Makes perfect sense, forget I asked.

Interesting idea about magnetic braking, I didn't know about it.

Not sure you need a very powerful laser to accelerate. Stuart recently pointed out here that you can add another mirror at the source, so the light keeps bouncing between the ship and the source, improving efficiency by a huge factor.

Seems like that's going to be less effective than it might sound because of (1) beam divergence and (2) the fact that if there's even the tiniest misalignment between the mirrors then after a couple of bounces the light will be missing its target.

Minor nitpick: diamond is only metastable, especially at high temperatures. It will slowly turn to graphite. After sufficient space travel, all diamond parts will be graphite parts.

Actually, no! The activation energy for the conversion of diamond to graphite is about 540 kJ/mol, and using the Arrhenius equation to get the rate constant for diamond-graphite conversion, with a radiator temperature of 1900 K, we get that after 10,000 years of continuous operation, 99.95% of the diamond will still be diamond.
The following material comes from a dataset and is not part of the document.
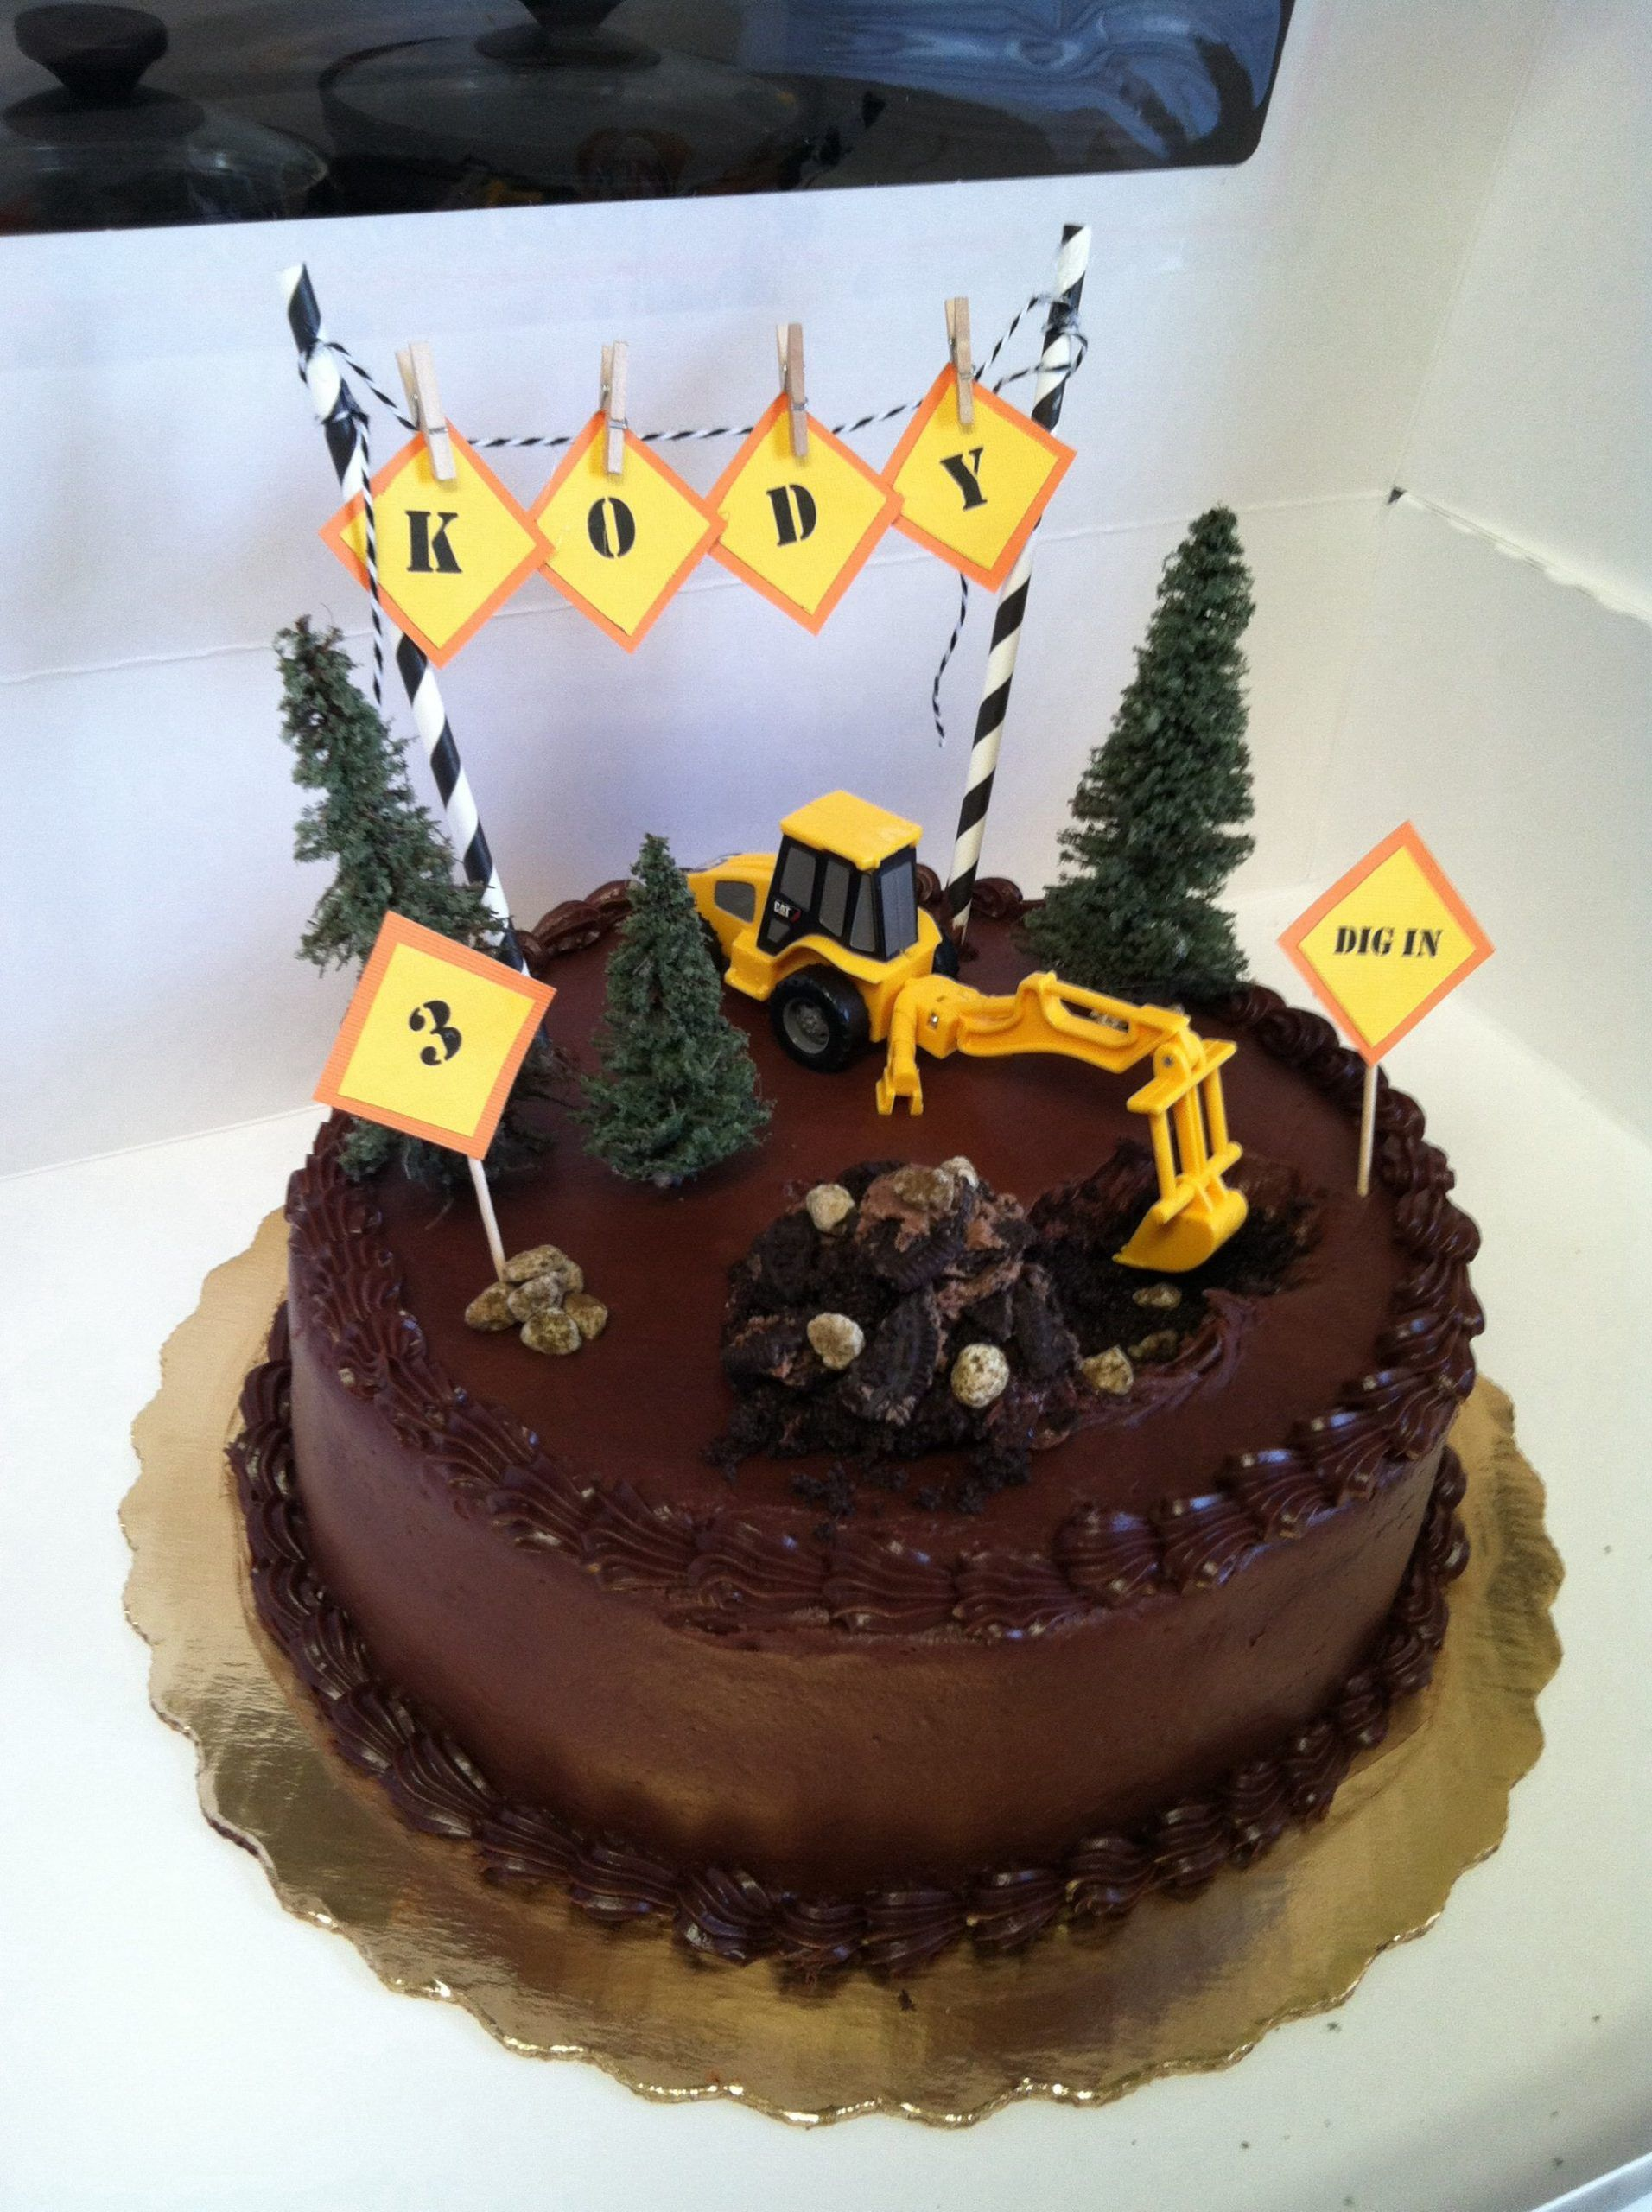 Kody's construction birthday cake, 2020 Doğum günü

At room temperature, the diamond-to-carbon conversion rate is slow enough that protons will decay before any appreciable amount of graphite is made.

Even for a 100,000 year burn, 99.5% of the diamond will still be intact at 1900 K.

There isn't much room to ramp up the temperature, though. We can stick to around 99%+ of the diamond being intact up to around 2100 K, but 2200 K has 5% of the diamond converting, 2300 K has 15% converting, 2400K has 45%, and it's 80 and 99% conversion of diamond into graphite over 10,000 years for 2500 K and 2600 K respectively.